One of my favorite books of the last 10 years is Because Internet, which focuses on how the internet has changed language use but has a lot to say about online culture in general. An insight from the book that I think about a lot is that there are identifiable “generations” of internet users that are determined by when people first got online and don’t necessarily map onto people’s calendar ages. A lot of Gen Xers and elder Millennials first got online in college in the 1990s, for instance, while their boomer parents might not have gained extensive experience with the internet for another 10 or 15 years.

One of the biggest internet generational divides in my opinion is whether you consider the computer or the phone to be your primary device, and one way I think it shows up is how you prefer to make large payments. Speaking as a fiftysomething, I’m fine with using Venmo to split a restaurant bill, but am constantly amazed and a little discomfited by contractors who want me to use Zelle to send them four-figure sums of money — I should be sitting down in front of a real physical keyboard to do that! Now, these are mostly young people, of course, but clearly Harvey is one of those older guys who worked in some high-compensation, ascot-forward industry and was able to coast to retirement with his personal assistant taking care of all the computer stuff, only truly getting online in his dotage, with zero defenses built up. So why shouldn’t he send two hundred thousand American dollars to Trixie by tapping on the screen of his Samsung Galaxy S22 phone? After all, that’s the very device on which he met her in the first place, and the Vanguard app makes it so easy!

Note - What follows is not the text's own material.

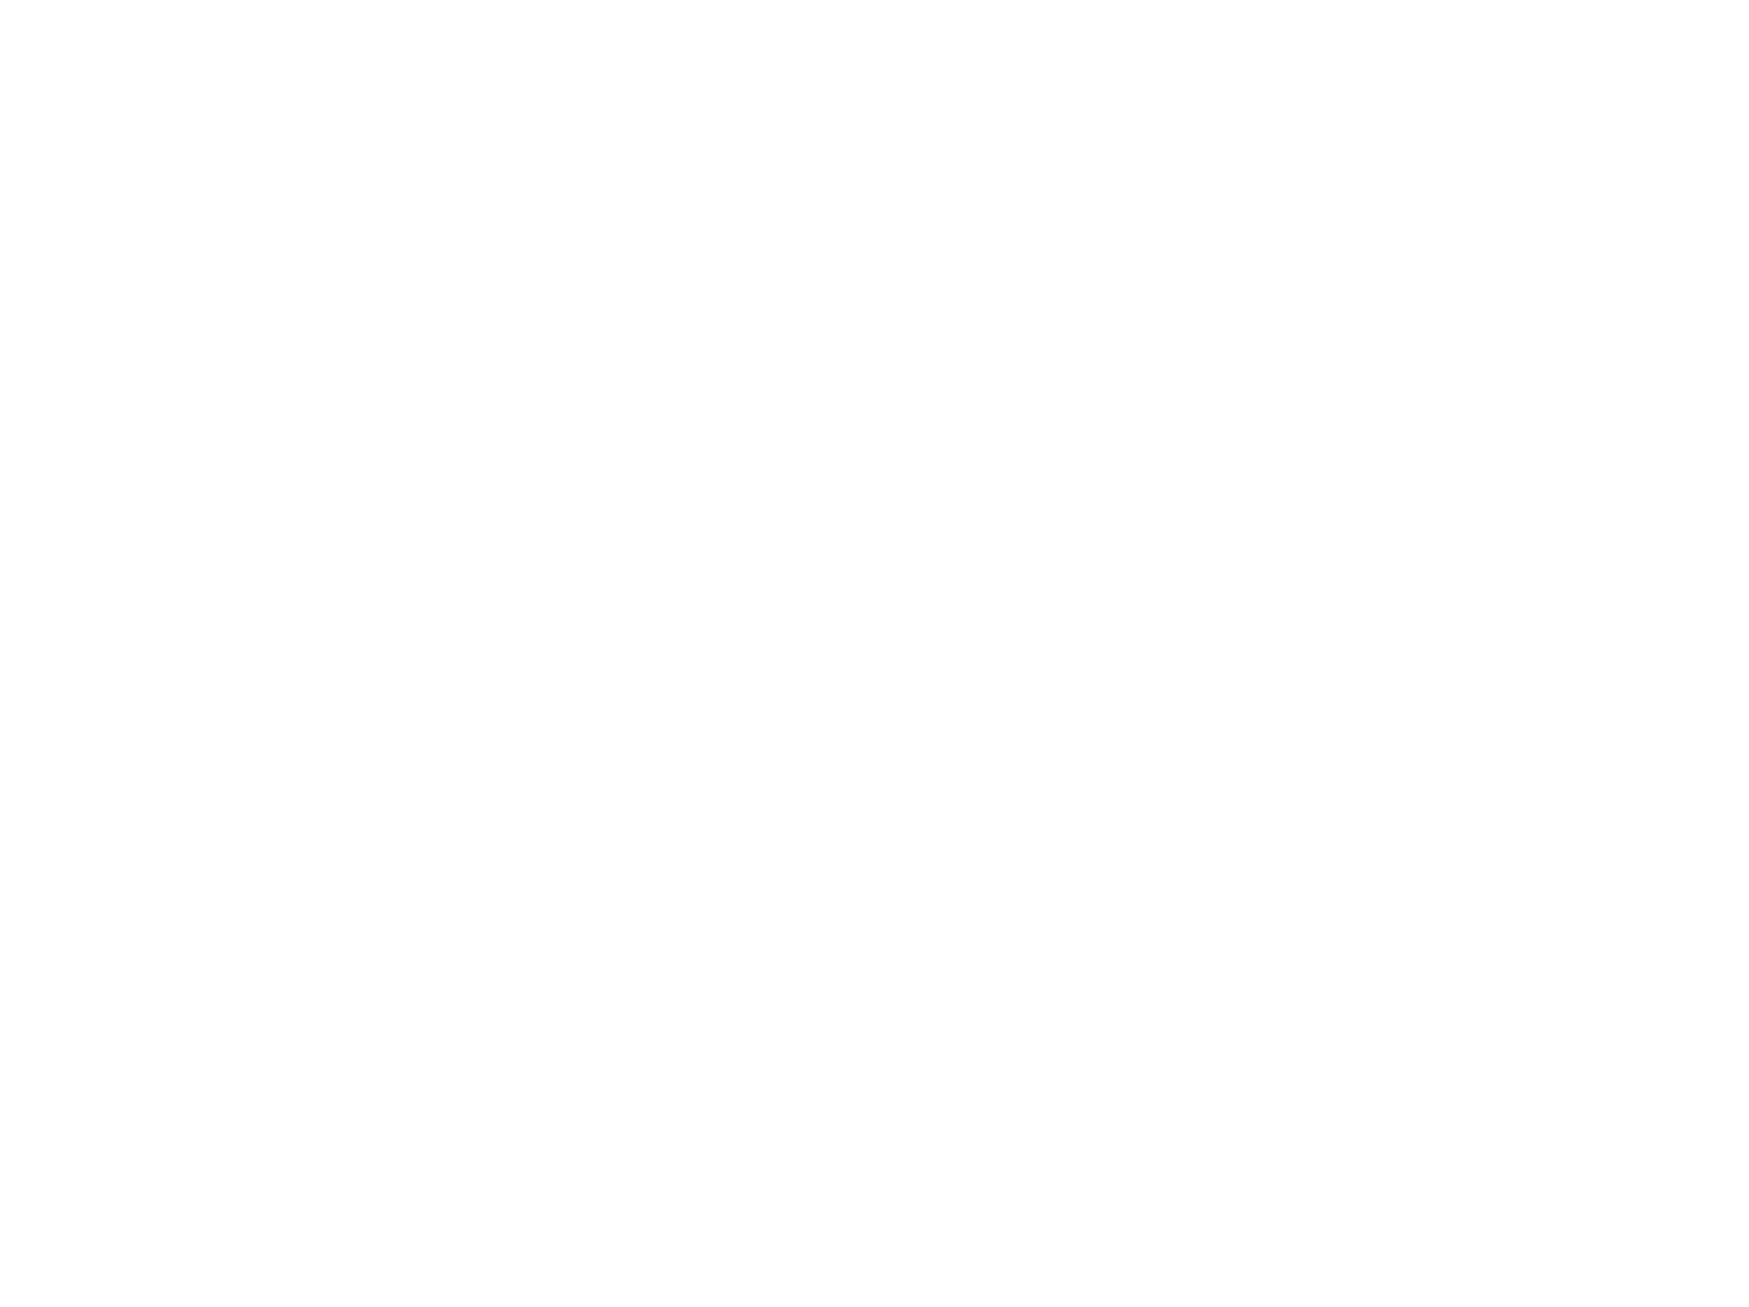 Michelangelo's Sistine Chapel: Chicago Exhibit

Dennis the Menace, 3/23/26

OK, sure, in real life we know that this is an example of the syndicate colorist just charging in with the paint fill tool without actually reading the caption, but I’d like to think that Dennis’s grandpa is sitting there watching some revisionist post-1975 Western in color and absolutely seething about it. That’s why Dennis is telling Gina this: because he knows if she makes the mistake of asking the old man what he’s watching, she’ll get an earful about how he doesn’t tune into a cowboy movie for a bunch of moral ambiguity or whatever.

Slylock Fox, 3/23/26

I know that this multispecies society of sapient animals is still finding its footing, and maybe they haven’t gotten their education system really organized yet, but the fact that Kolton Kangaroo is so ignorant of marsupial reproductive biology is frankly embarrassing. Honestly if he doesn’t understand how capable of movement his own child is, he deserves to be a victim of whatever kind of scam Shady is pulling on him here.

Beetle Bailey, 3/23/26

Here’s today’s Beetle Bailey! It’s about how the title character was having a pretty good day … until his commanding officer showed up to beat the shit out of him. Honestly a surprising number of Beetle Bailey strips are about this!

Post Content

Dennis the Menace, 2/27/26

I’m not here to tell the Dennis the Menace creative team how to do their job, but … oh, wait, I am here to do that! That’s literally my job! Anyway, this joke is fine, but it absolutely should’ve run in mid-December, not February. And probably Dennis should’ve looked gleeful, not, as he does here, mournful, as if he’s been forced by circumstances beyond his control to paste some poor sap with a snowball against his will.

Mary Worth, 2/27/26

Several commenters have speculated that Harvey is being catfished and this would just be a tired retread of the “Estelle gets catfished by Arthur Z” plotline from five years ago. One thing that could spice that up a little is to bring AI into the picture, and Mary’s boldfaced “unreal” hints pretty broadly that this is the direction we’re going. The only question is whether “Trixie” is a fully autonomous bot, perhaps an escapee from the Moltbook project, or just a cartoonish avatar that Arthur Z whipped up with OpenAI’s free tier image generation capabilities, since using stock photos is now passé in the eldergrift biz.

Blondie, 2/27/26

Look, Dagwood, I don’t know what you think “freestyle” means, but whatever you’re doing with your legs isn’t it. It isn’t anything we want to see, either. This is a family newspaper, damn it.